Volunteers picked up hundreds of pounds of moose meat from the community cold storage in Petersburg last Thursday afternoon, for distribution around town.
Service organizations and the schools will make use of the forfeited meat from this fall’s hunt.
Petersburg Community Cold Storage manager Marv King wheels two pallets into the front area of the building.
The pallets are stacked with boxes and contain hundreds of pounds of forfeited moose.
State wildlife trooper Cody Litster said the meat is ground up and packaged in 2 and 5 pound packs.
“Hammer and Wikan and Tonka Seafoods processed the meat for us,” Litster said. “So we’ve got two different pallets. We’ll see how much each of those are and today we’re taking, we’re gonna leave the school’s share here and then the other share we’ll move to the Salvation Army freezer for their distribution. We’ll see how much we’ve and how far it’ll go.”
The two stacks represent the meat from five moose shot during the month-long hunting season in September and October.
The animals did not meet strict antler requirements set by the state.
In total 12 moose in this year’s record-setting season were taken by the state and divided up between Petersburg, Wrangell and Kake. Hunters forfeit their kill and, if the court agreesm can pay the cost of processing instead of a fine.
Last year was the first year for an official distribution program that involves the court system, schools and local service agencies.
Before that it used to fall to Litster to drive around town with the meat and ask people if they wanted some. Now others are involved.

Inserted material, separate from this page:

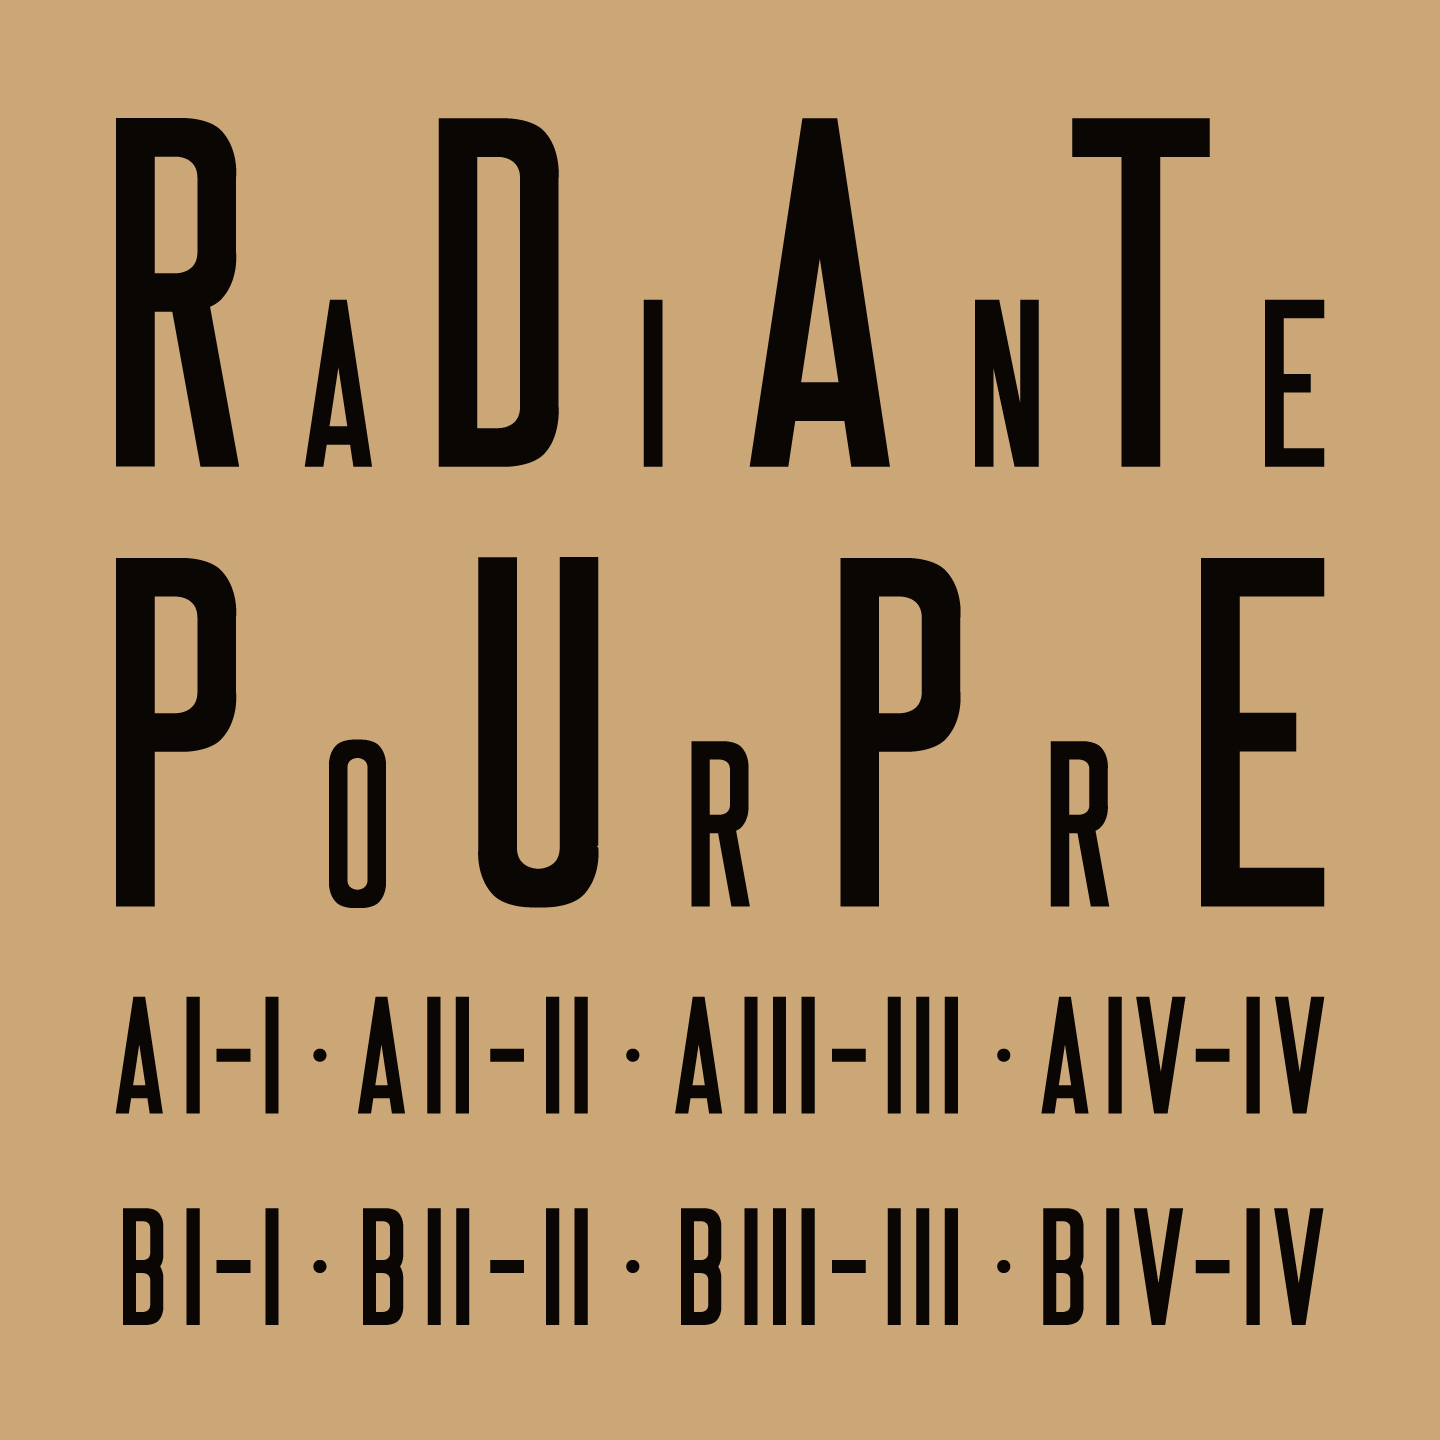 Radiante Pourpre - s/t

“The Salvation Army is going to disburse it to, there’s 10 service organizations in town,” said Salvation Army Maj. Loni Upshaw. “I don’t know if I’m going to keep any at all for food boxes but we have an extra agency so. It’ll depend on how much we get but I wanna make sure the service agencies which are child centers, the manor, the hospital and other people that feed homeless people. They’re gonna get it. It’s more for them.”
It’s Upshaw’s first year in town and her first time with the distribution but thinks it’s a good program.

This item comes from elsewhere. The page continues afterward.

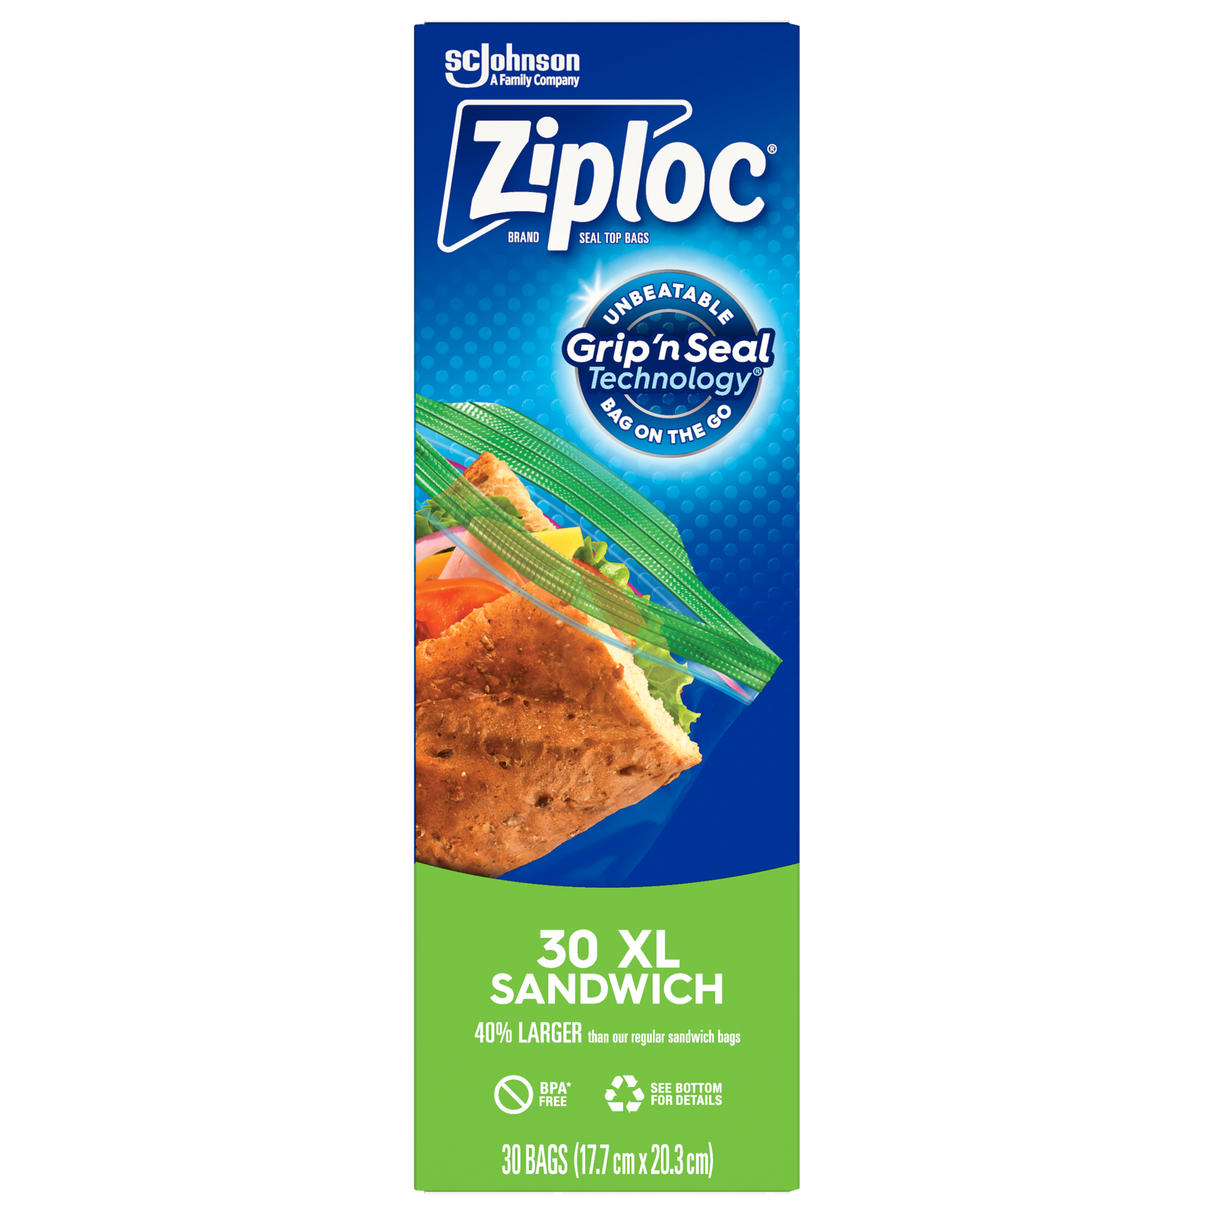 Ziploc Sandwich Bags XL 30 Pack

“I haven’t worked with it yet. I don’t know about carrying a bunch of moose meat around but most of the people I’ve called they’re willing to come pick it up to pick it up for their agency,” she said. “That’s the good thing. And I know that they are blessed and honored to get this. I know it’s hard for the people who lost their moose but hopefully they can get a little bit of it some place down the line.”
The total is just more than 1400 pounds.
Volunteers help split that into two stacks. Nearly 800 pounds will go to the 10 service organizations through the Salvation Army. That’s almost 80 pounds apiece and nearly double the distribution from last year according to Upshaw.
The rest will go to the school’s food service program and will wind up in moose tacos and other lunch offerings throughout the year.